## WHAT IS EXPECTED
Copy out the data that comes next, character for character, and leave the images aside.

## DATA BLOCK
▬▬▬▬▬▬
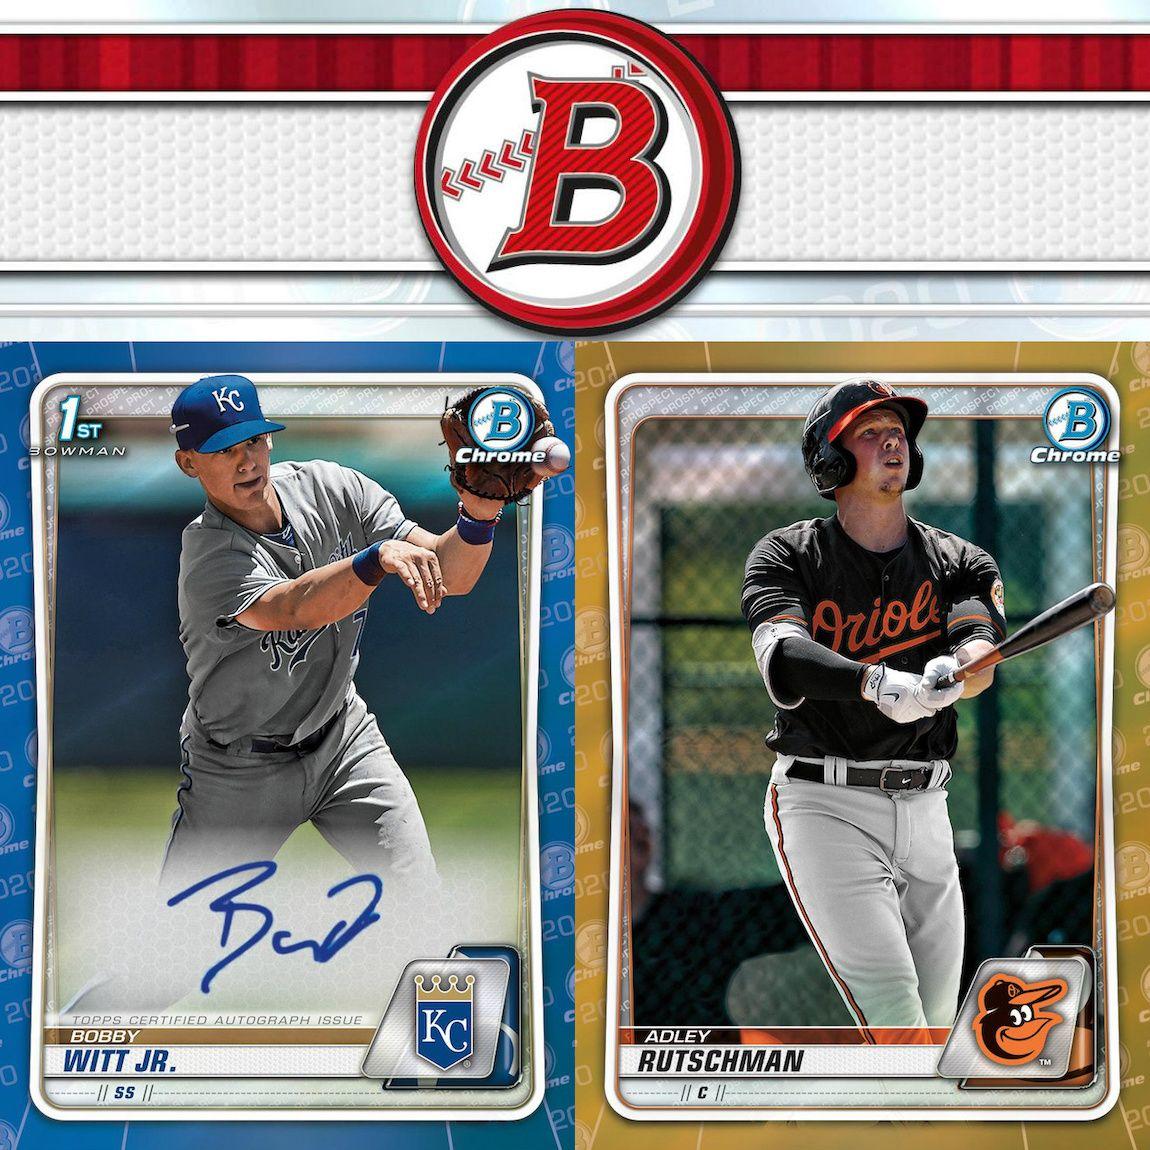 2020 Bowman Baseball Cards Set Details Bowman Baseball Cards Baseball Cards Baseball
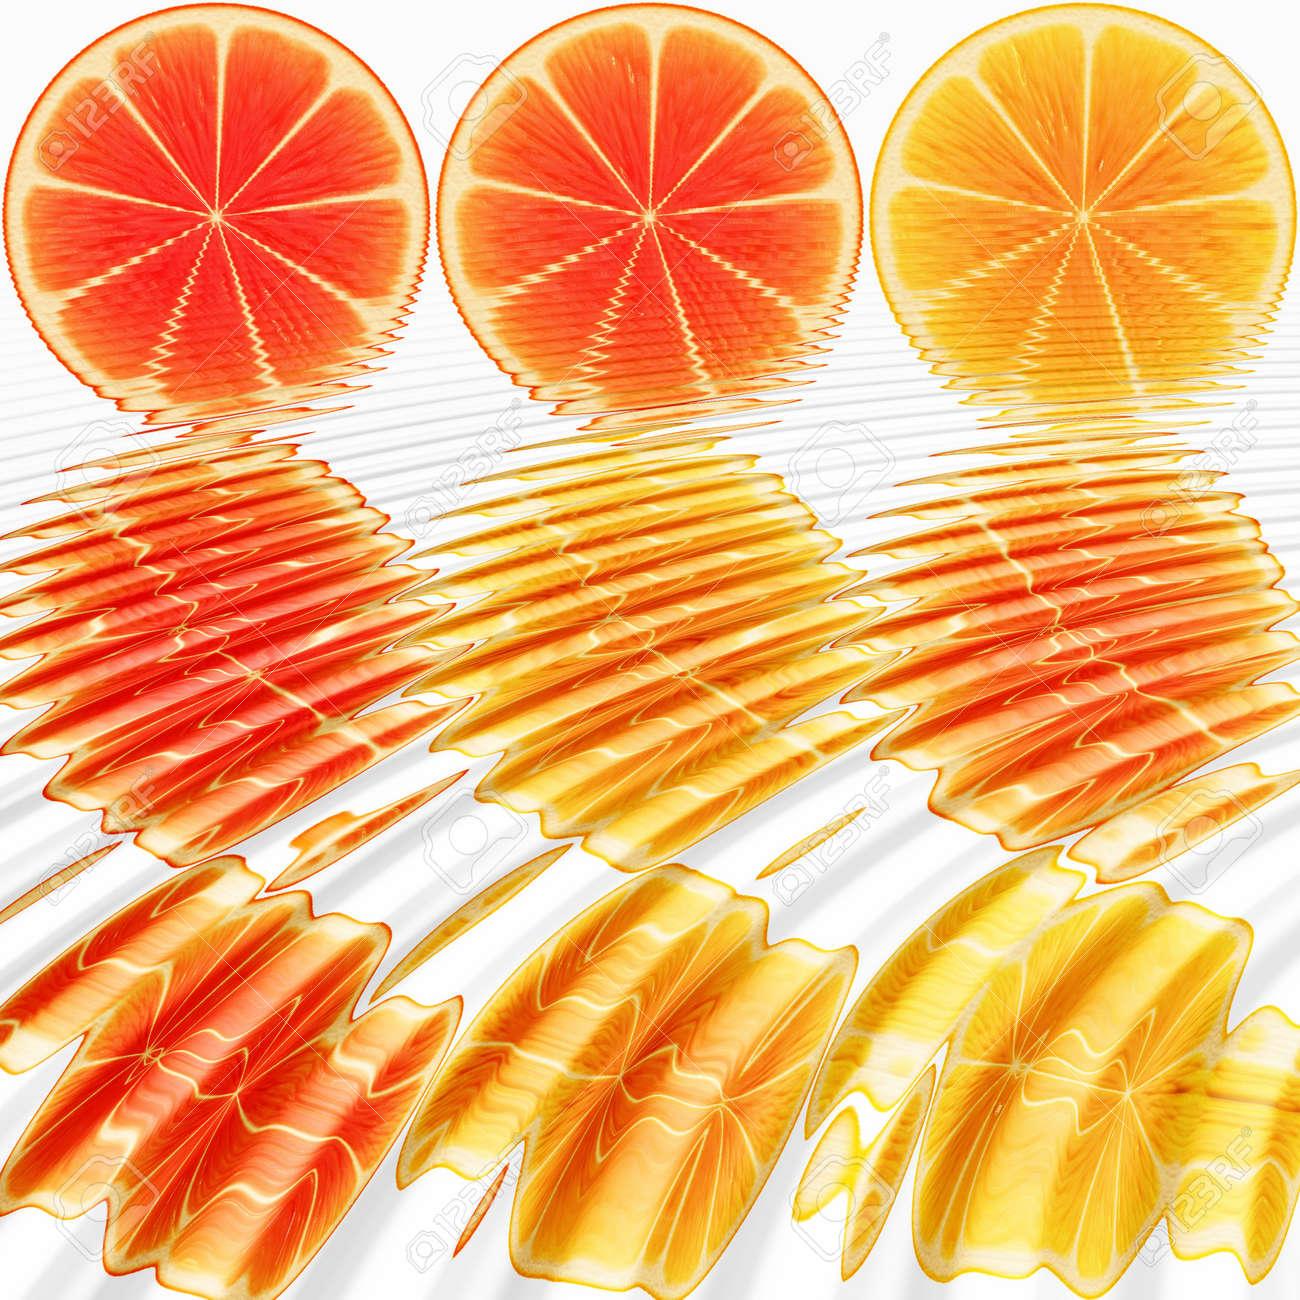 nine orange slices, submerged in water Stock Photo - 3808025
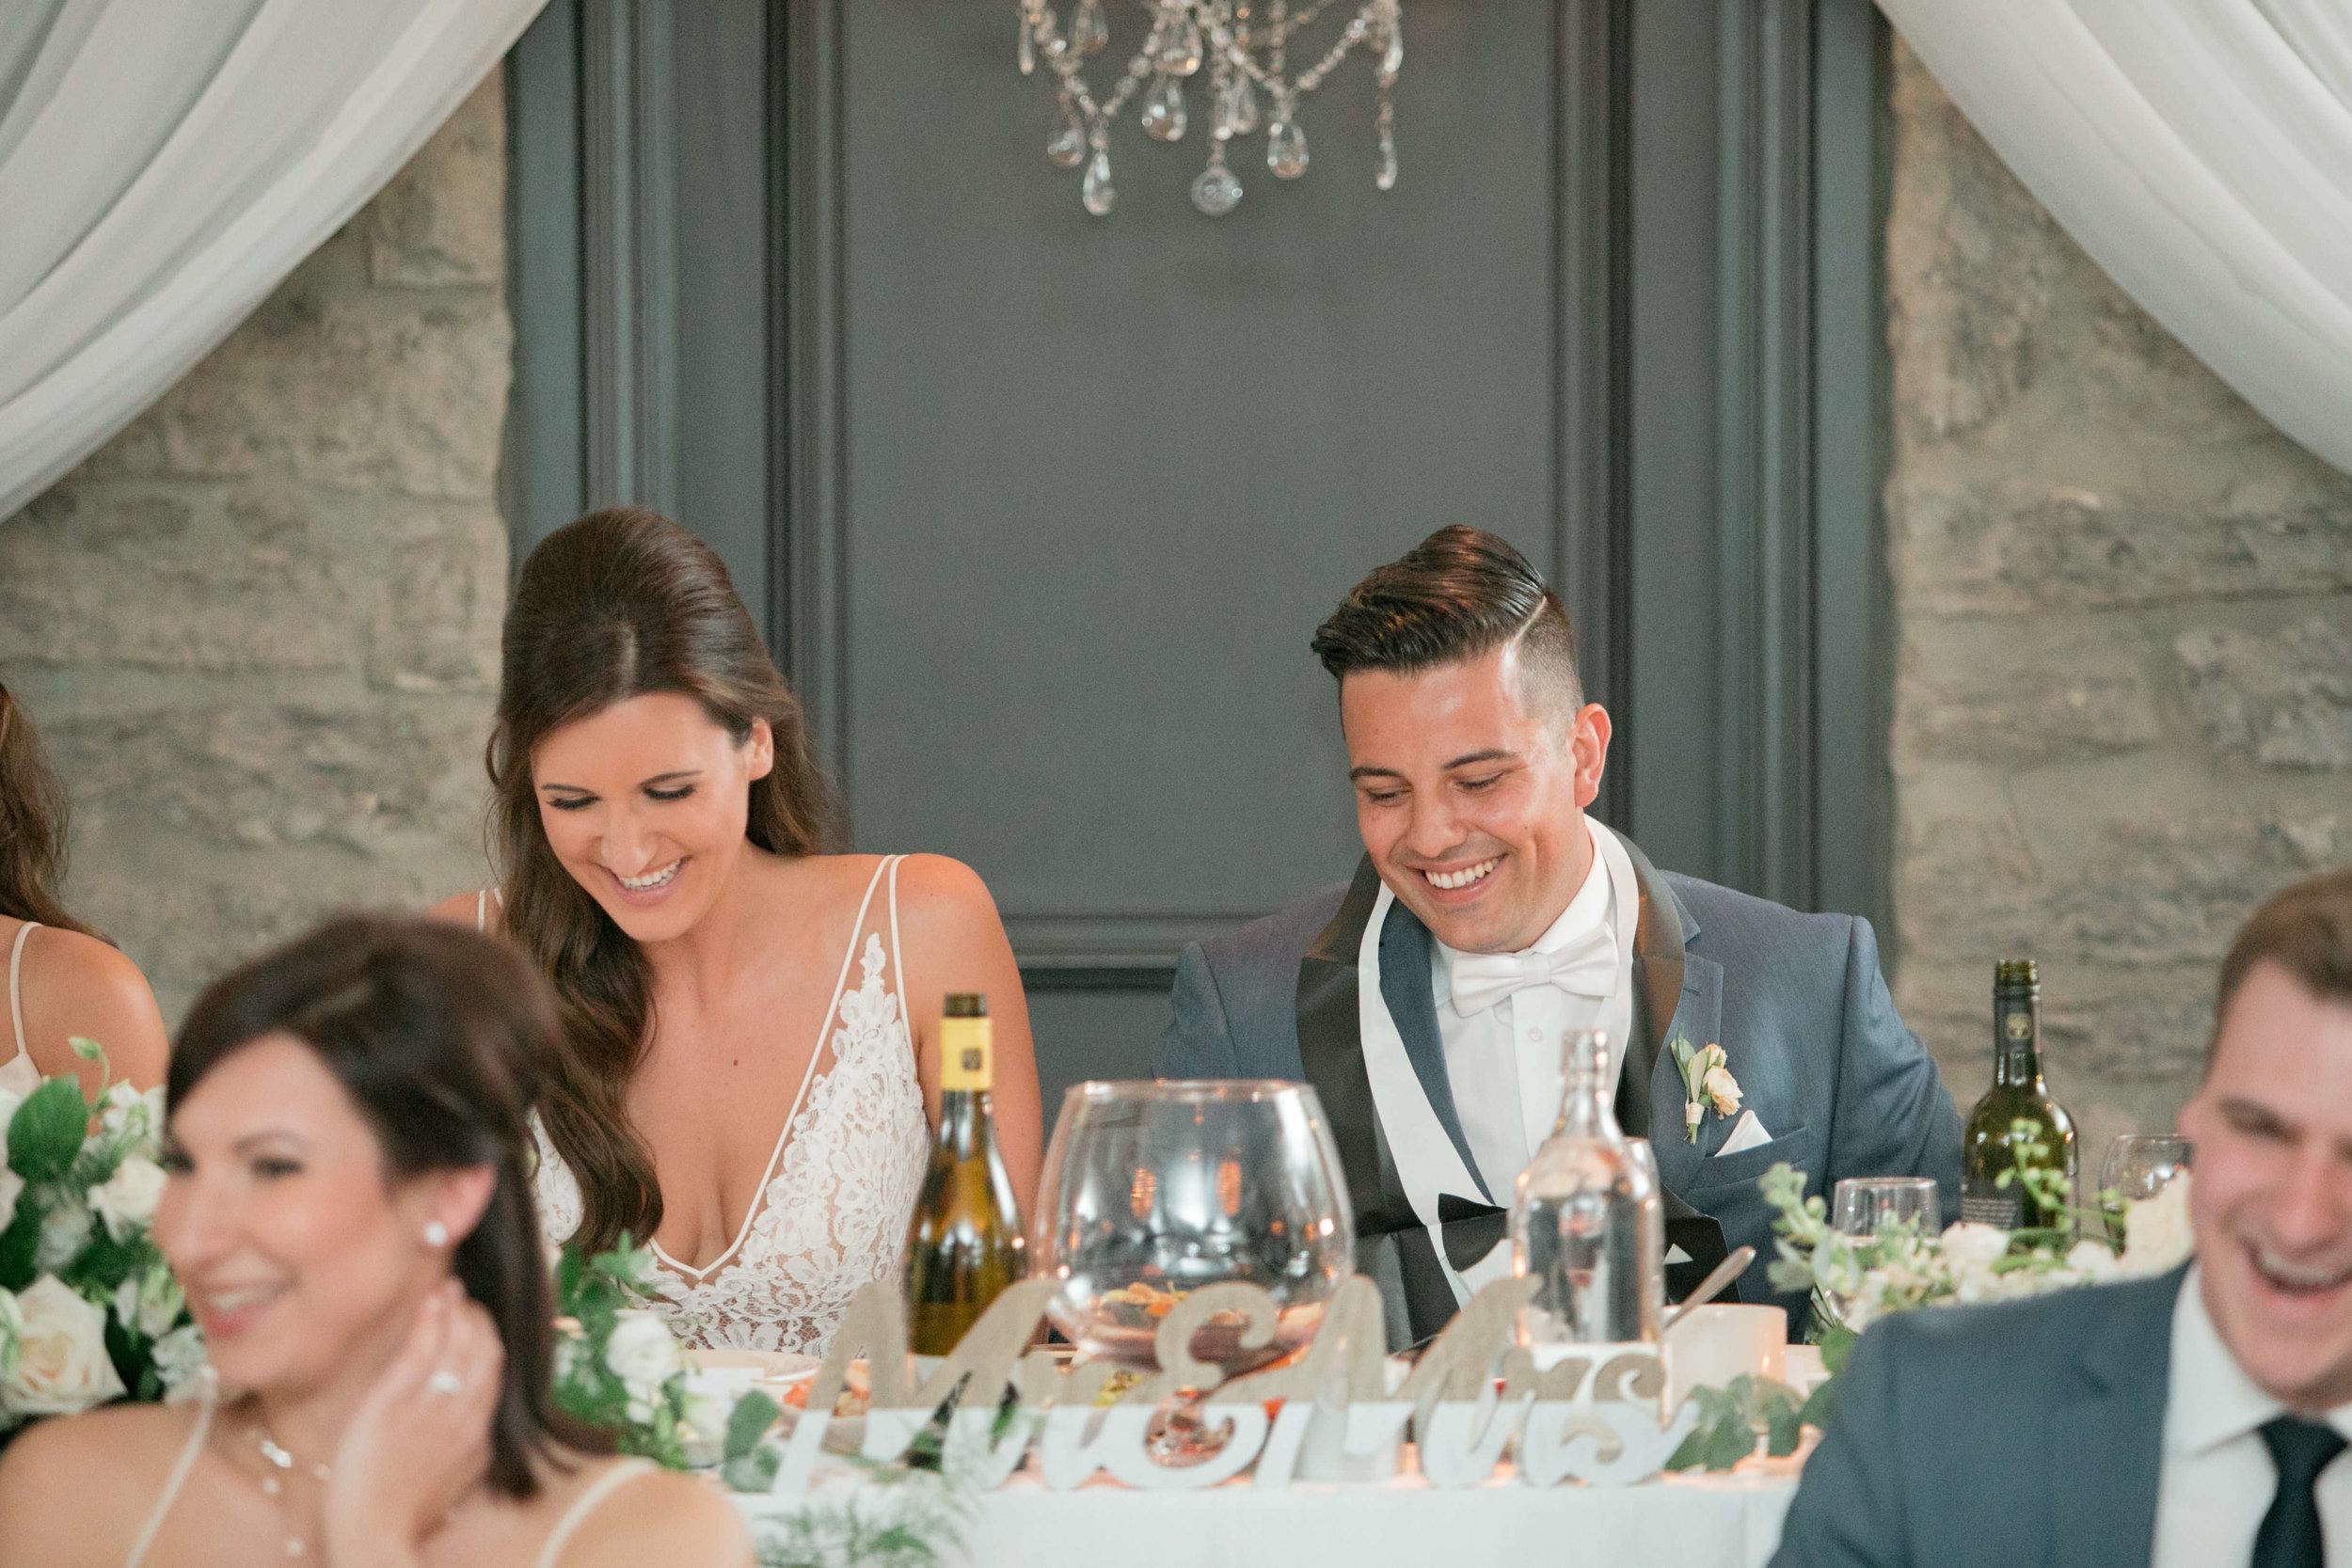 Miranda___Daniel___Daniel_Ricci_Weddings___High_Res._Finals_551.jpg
▬▬▬▬▬▬
## REPLY
 2020 Bowman Baseball Cards Set Details Bowman Baseball Cards Baseball Cards Baseball
 nine orange slices, submerged in water Stock Photo - 3808025
 Miranda___Daniel___Daniel_Ricci_Weddings___High_Res._Finals_551.jpg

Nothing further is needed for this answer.